Willow sighed, then turned around and took his daughter’s hand in his. His hands shook and his skin was purple and splotchy with liver spots. “Every man has a destiny, Anna, and not all of them are good ones. Jem Clayton’s destiny is inside that box. Swear to me you won’t ever open it. Please.”

“Fine, I swear it.” She tried to ask him more questions, but her father started coughing until he wheezed. He touched his lips and saw blood on his fingertips. Just a few days after that, Old Man Willow passed from the world.

She bent down to look at the box and tapped the key on the lid. She hardly ever looked at it, and the urge to open it rarely emerged. Anna believed that as long as she didn’t open the box, the boy who once told her he was going off to become the baddest man that ever lived would someday return.

* * *

The Sheriff of Seneca 6 moved through the town like a monarch visiting his subjects. He played the beneficent regent, handing out candy to children and small coins to destitute women. He dropped a coin into the palm of one old woman and she grabbed onto his sleeve, staining his expensive shirt with her grimy fingers. “Sheriff, why don’t you go after the real criminals in this town?”

“What criminals would that be, my dear?” he said, trying to pluck her hand from his arm.

“The damn money lenders,” she said. She pointed at the Savings and Loan storefront, “They don’t tell you about their fees and penalties till after you miss a payment.”

“I think it’s only fair they should expect to be paid what is their due in a timely fashion. Don’t you agree?”

“But their payments are due the last Thursday of the month, and the unions don’t pay out until that Friday. There’s no money left by then. And if you don’t pay, they put so much interest on top of the payment, you can’t never get out of it.

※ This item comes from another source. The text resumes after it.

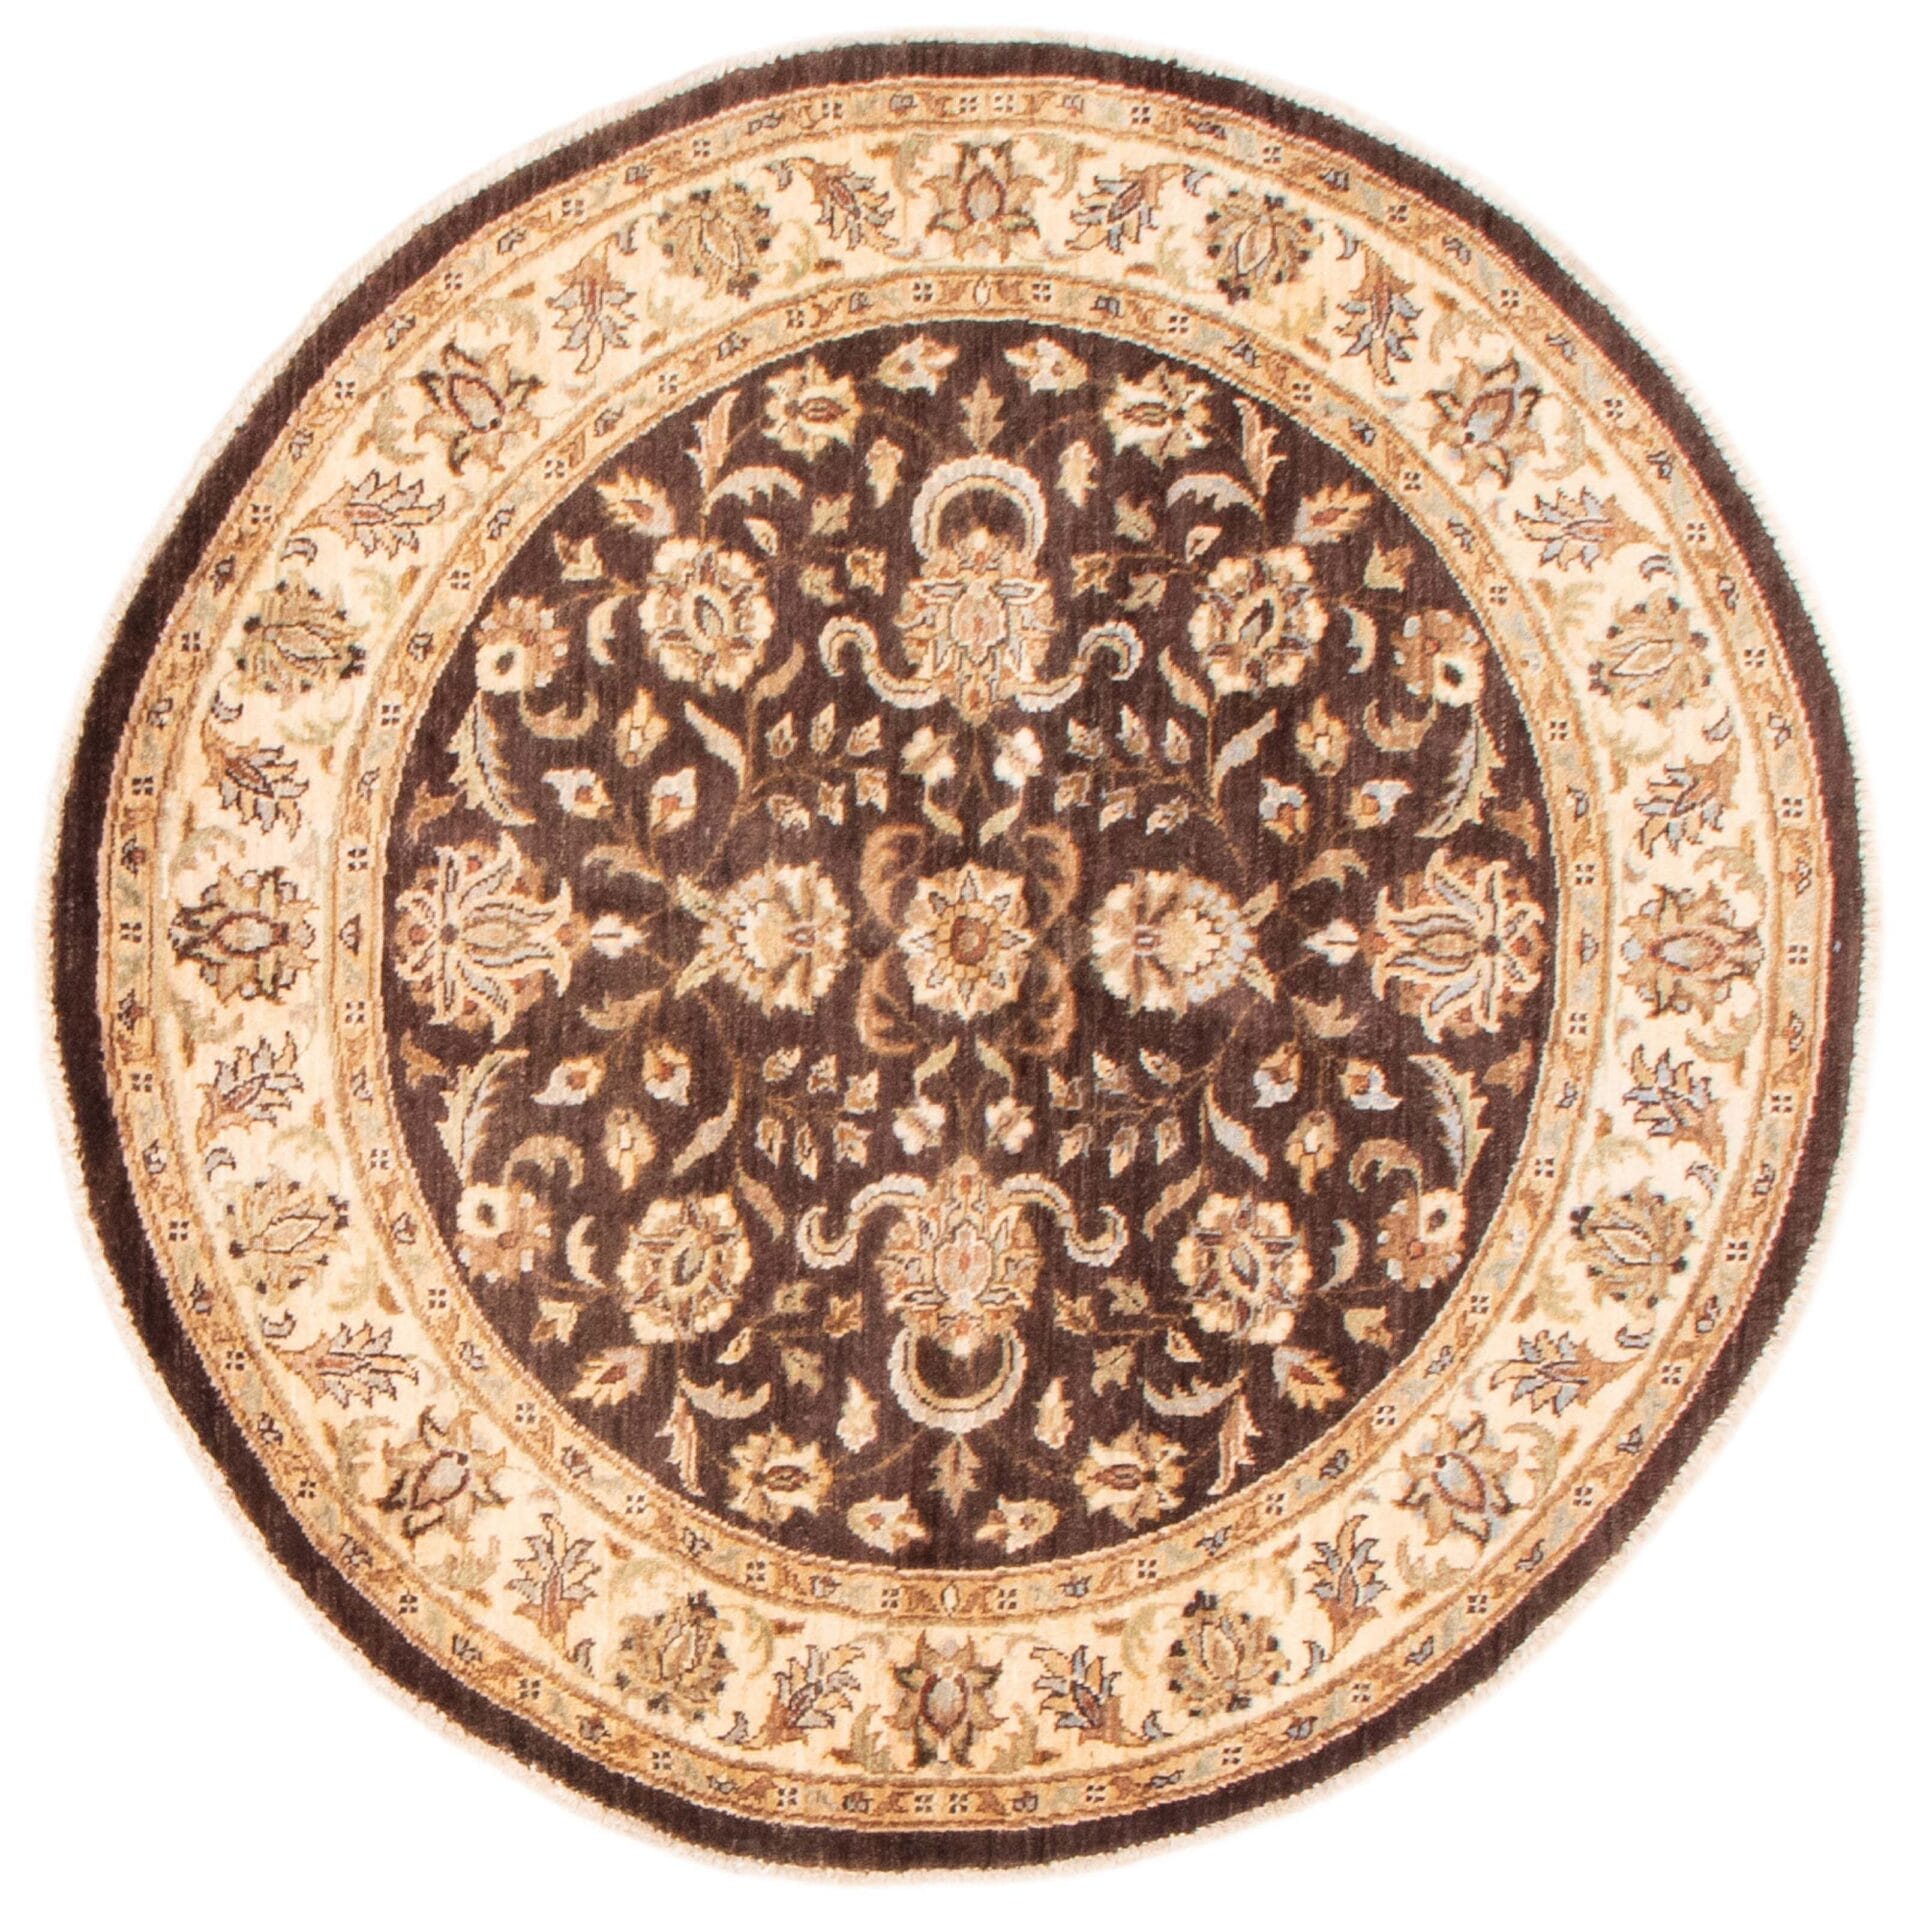 Een bruin en beige rond tapijt met bloemmotieven.

Can’t you do something?”

He smiled at her and tipped his hat. “I will go and discuss the matter with the mayor straight away. Maybe he can help you. How does that sound?”

“Oh, thank you,” she said. The Sheriff hitched his belt up over the lower fold of his belly, hoping the belt would girdle some of the bulk. He walked across the road toward the mayor’s office, knocking on the sign that read “HONORABLE WILLIAM J. ELLIOT, TOWN MAYOR and JUDGE.”

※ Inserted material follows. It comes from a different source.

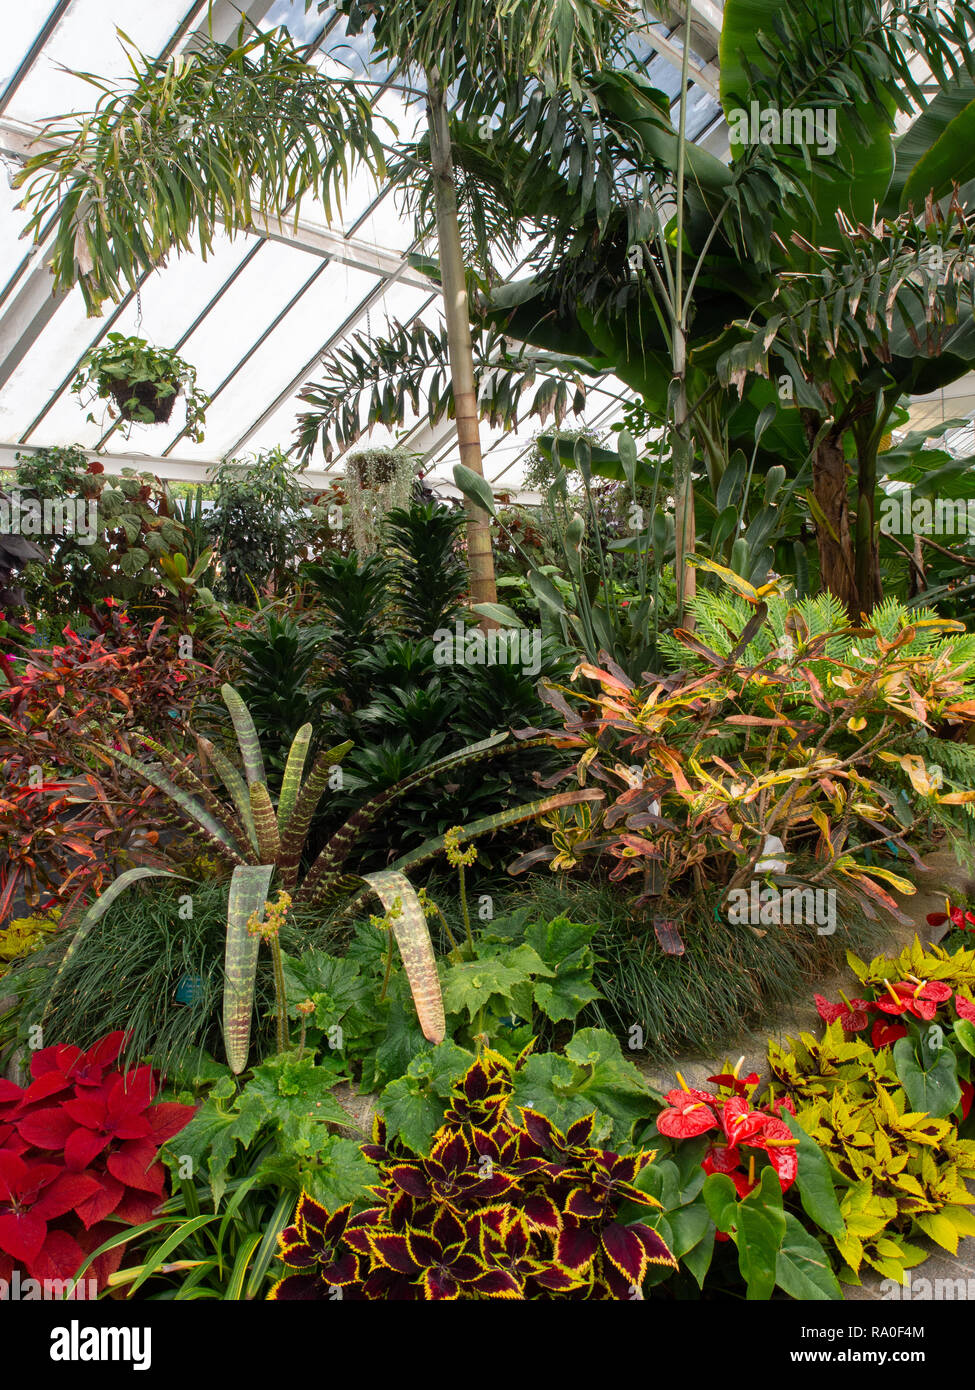 Plantas que crecen dentro de un invernadero Foto de stock

No one answered the door. The Sheriff took off his hat and wiped the sweat from his forehead with his shirt sleeve. He tried peeking through the office window but the blinds were drawn tight.

“Sheriff Junger?” a thin, worn out man said, looking up the steps.

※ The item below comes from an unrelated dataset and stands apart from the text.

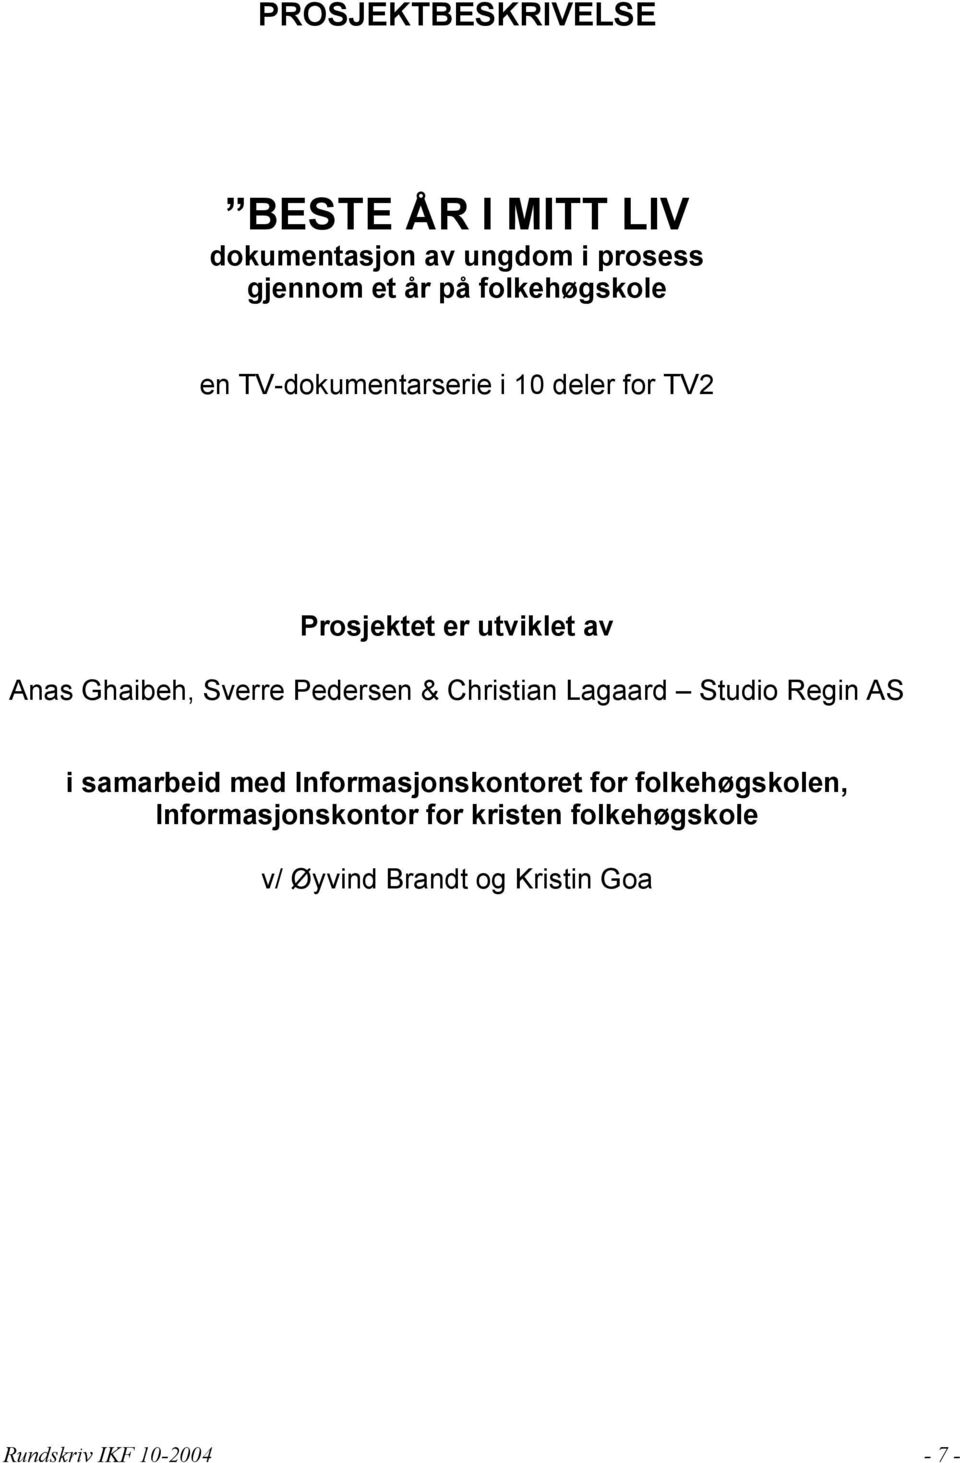 Sverre Pedersen & Christian Lagaard Studio Regin AS i samarbeid med Informasjonskontoret for

Walt Junger turned and fixed his hat back to his head. “Yes?”

The man looked to see if anyone was watching him, then whispered, “You still giving out money for information related to specified activities?”

Junger took one step down the rail and fixed his hand on his gunbelt. “That depends on the information and the activity.”

“I know you and the mayor got a special interest in a few things around here. In particular, the ‘Proud Lady.’” The man cocked his head toward the well-maintained saloon down the street with thick swinging oak doors.

Junger considered the man for a moment and said, “Let’s just say I’m interested in every establishment around here, but there are some I’m willing to pay more for than others.”

“And the ‘Proud Lady,’ sir?”

“That’s one of them.”

“There’s a bartender named Phil Claren giving out free drinks to his buddies for extra tips, and then he shorts the register at night.”